A few years ago, the symbol grounding problem was widely considered a significant challenge in AI discussions. I believed that it would likely be addressed as a side effect of capability improvements, without requiring specific breakthroughs or attention, unlike others who considered it fundamental. However, like many, I didn't anticipate the extent to which GPT-4 has demonstrated this to be true. Asserting that such capabilities could be achieved with a text-only training set at that time would have seemed like a parody of my position.
Had you asked me how a model like GPT-4 would acquire its capabilities, I would have suggested a process more akin to how children learn. It might have started with a predictive model of physical reality, established the concept of an object, learned object permanence, and then acquired simple words as they applied to previously learned concepts.
Despite its capabilities, GPT-4 still seems to lack robust physical intuition, evident in data science tasks and mathematical understanding related to the 3D world. Will we see a model trained from scratch, as described earlier? For instance, the Meta AI model appears to grasp the concept of an object in 2D. Suppose this understanding is fully extended to 3D and designated as our foundational model. Can such a model be trained on language, particularly that which relates to the physical world, and develop physical intuition as good as a human's?

Grounding overhang and interpretability implications:

Would such a model be much better at mathematical and programming tasks for given model resources? Assuming the foundational model is much smaller than GPT-4 it seems reasonable that it could gain similar or greater mathematical and programming skills while still having a smaller model size even when trained on a enough language concepts to be capable at those tasks.

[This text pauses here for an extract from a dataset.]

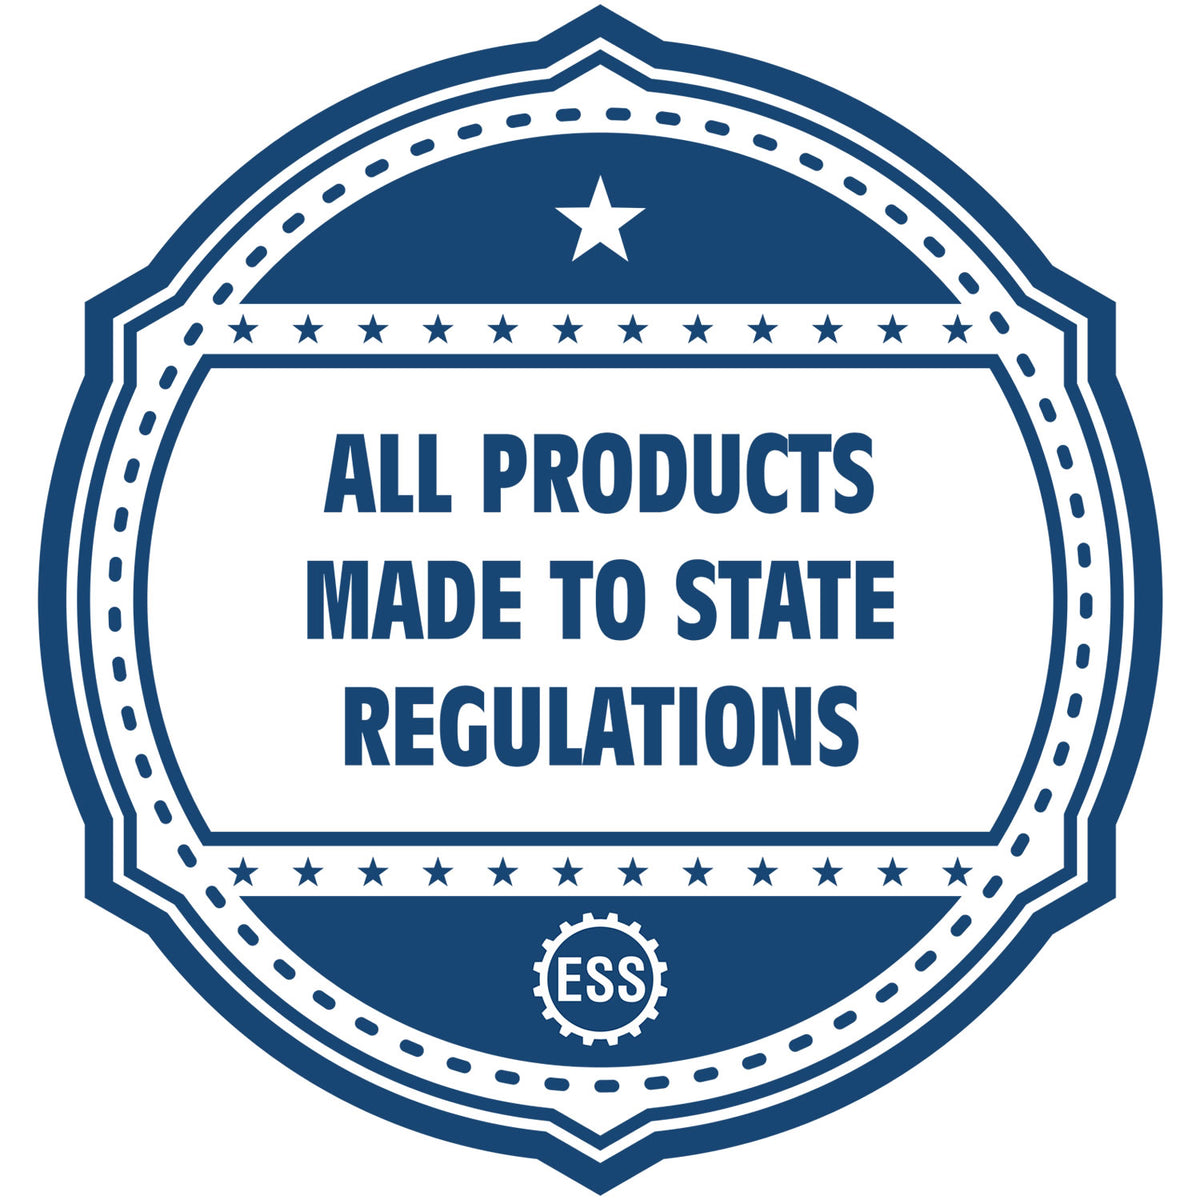 An icon or badge element for the Self-Inking New Hampshire PE Stamp showing that this product is made in compliance with state regulations.

This could also help with interpretability as the foundational model couldn't really be thought to lie or deceive as it is just modelling objects in 3d. Deception and theory of mind abilities could be observed as they became available.

New Comment
3 comments, sorted by Click to highlight new comments since: Today at 4:15 AM

I don't think it has gone away; its new form is generalization errors, where the model's decision boundaries get pushed into places that happen to implement some degree of grounding but where the grounding is unreliable and fragile and prone to ontology drift if the grounding pressure doesn't stick around

I don't think it makes sense to say that the symbol grounding problem has gone away, but I think it does make sense to say that we were wrong about what problems couldn't be solved without first solving symbol grounding. I also don't think we're really that confused about how symbols are grounded(1, 2, 3), although we don't yet have a clear demonstration of a system that has grounded its symbols in reality. GPTs do seem to be grounded by proxy through their training data, but this gives limited amounts of grounded reasoning today, as you note.

Thanks. My title was a bit tongue in cheek 'Betteridge's law' so yes I agree. I have decided to reply to your post before I have read your references as that may take a while to digest but I plan to do so. I also see you have written stuff on P-Zombies that I was going to write something on. As a relative newcomer its always a balance between just saying something and attempting to read and digest everything about it on LW first.